Nobody would question that Mcdonough is a sprawling suburb of atlanta. It's very extensive and identity(currently at least; I don't know the history) is tied to atlanta like andy richter was tied to conan obrien. For anyone who knew who andy richter was, we only knew him because we knew him as conan's sidekick. Just like with richter and conan, Mcdonough's identity is as of an atlanta suburb, atlanta sprawl, etc......

Calera, otoh, is just rural alabama. That's what it is. (it's actually less completely/relatively rural than other cities around there, but whatever). If birmingham were to not exist, places like Cullman would still be......rural alabama. It's identity is of that rather than being connected to or an offshoot of Birmingham's existence.

This is essentially the difference between a place clearly being "in the area" of something(mcdonough) and just being it's own little thing(Calera).
Calera is the furthest out bit of the urban area (Note: they made definitions slightly more restrictive. Montevallo and Mulga/Warrior used to be classified as part of the urban area). It's commuting patterns and residential connectiveness really do say its a proper suburb, albeit at the limit, and I expect more tied to the Hoover area than Birmingham proper. It's really become more of an extension of the Pelham/Helena/Alabaster part of town.

One thing to note, though, is that Birmingham didn't initially develop in the same way Atlanta did.
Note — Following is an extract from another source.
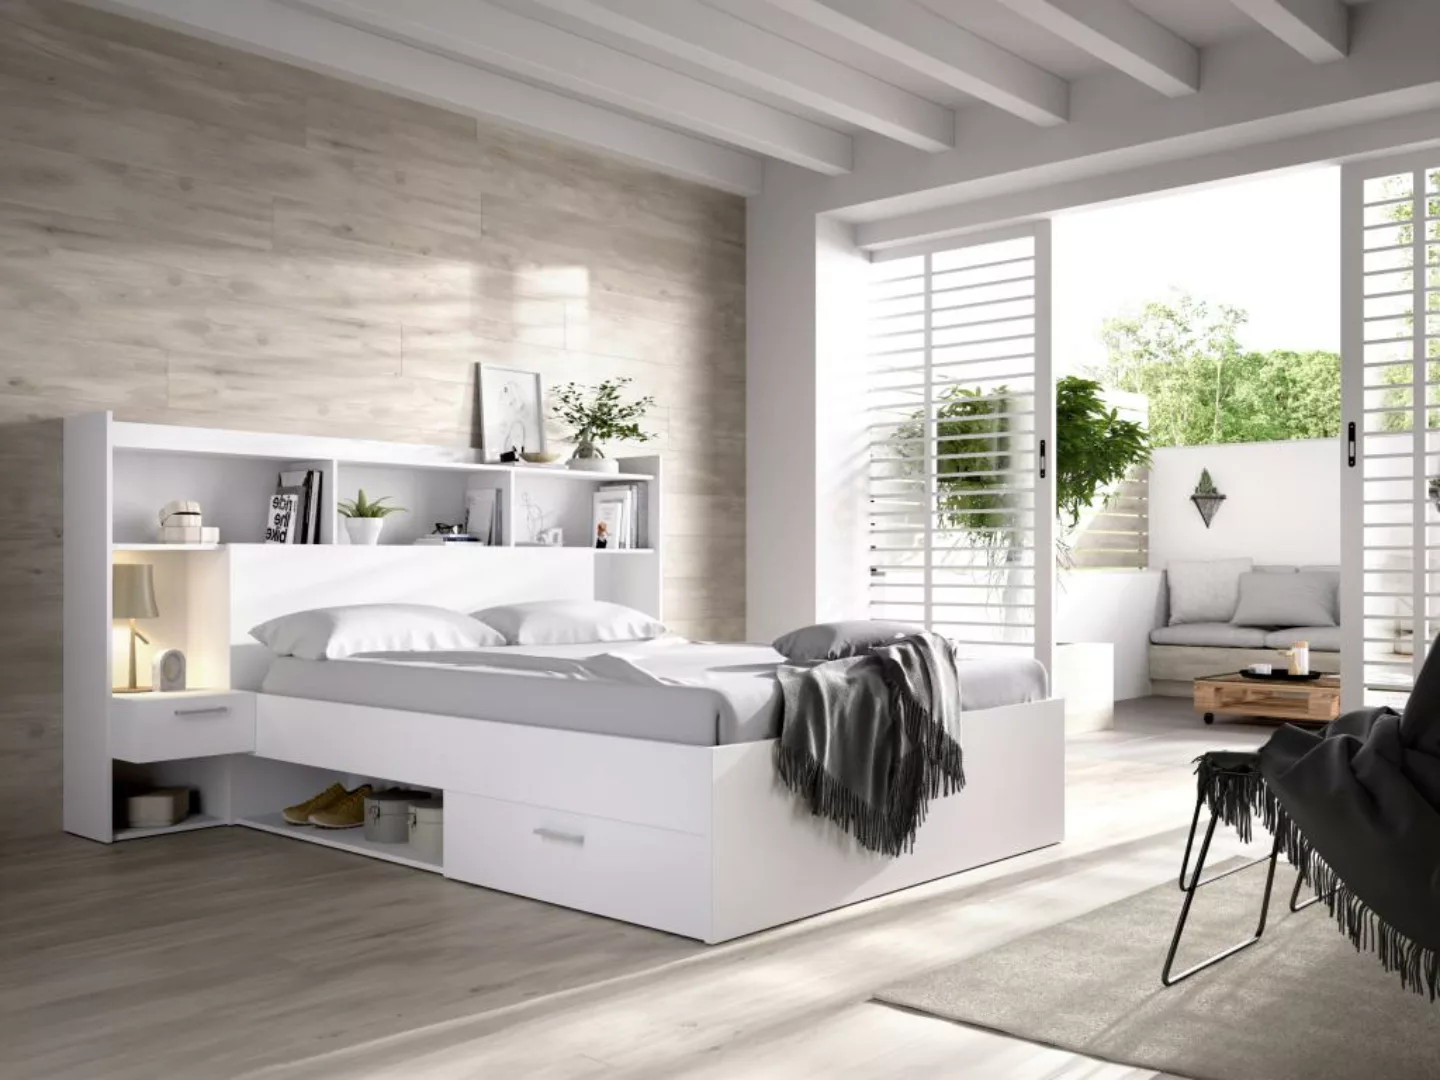 Bett mit Stauraum & integrierten Nachttischen - 140 x 190 cm - Weiß - KEVIN günstig online kaufen

Birmingham was first a mining town. So industry was where the mines were. They couldn't all be centralized in a central area from the start. Calera, for example, started as a limestone quarry back in the 1880s. So that means, even when it was more rural, it was still quite tied to Birmingham, since that one of the ingredients for making steel. In fact, it's still an import part of the Calera area industry today. And that's part of the key difference between Atlanta and Birmingham suburbs: The original reason for a lot of Birmingham suburbs existing before they were suburbs are still valid. McDonough, for example, was a cotton warehouse and trade stop. Neither of those matter anymore, allowing Atlanta to more easily subsume it in identity. A lot of the areas eaten up by Atlanta had lost "purpose" in a sense. But just because Calera is able to hold on to a bit more of an identity, it doesn't mean it's a separate thing. It just means parts of the Birmingham area are better at forging an identity within the broader category of "the Birmingham area."